We've already cautioned you to keep your system flexible (See Ch03-Plan_For_Change .) It's not just good advice from a technical standpoint, but from from a social & strategic one as well. Put simply: leave yourself enough 'wiggle room' to adjust the impact of different inputs into the system (add new inputs, change their relative weightings, or eliminate ones that were previously considered.) This gives you an effective tool for confounding gaming of the system. If you suspect that a particular input is being exploited, you at least have the option of tweaking the model to compensate for the abuse. You will also want the flexibility of introducing new types of reputations to your site (or retiring ones that are no longer serving a purpose.)

It is tricky, however, to enact changes like these without impacting the social contract you've established with the community. Once you've codified a certain set of desired behaviors on your site, some people will (understandably) be upset if the rules seemingly change out from under them.
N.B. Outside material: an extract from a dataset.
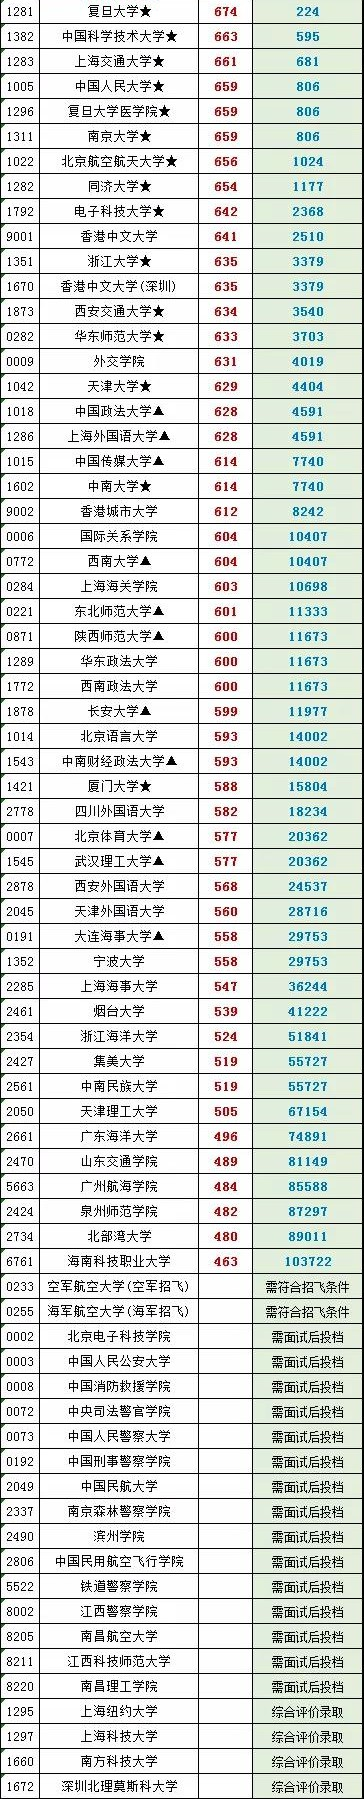 江西省2020年普通高校招生 提前批本科投档情况统计表(理)

This is yet another argument for 'staying vague' about the mechanics of the system, or downplaying the importance of your reputation system.

Reputation from Theory to Practice

The first half of this book, up through this chapter, has focused on theory. We've focused on understanding reputation systems through defining the key concepts, creating a visual grammar for how they work, providing a technical description of an actual execution environment, defining a set of key building blocks which we used to construct the most common simple models, and culminating in some detailed models for popular complex reputation in the wild.

Along the way we sprinkled in practitioner's tips about important lessons learned from operational reputation systems in order to prepare you for the second half: Applying the theory to a specific application: Yours!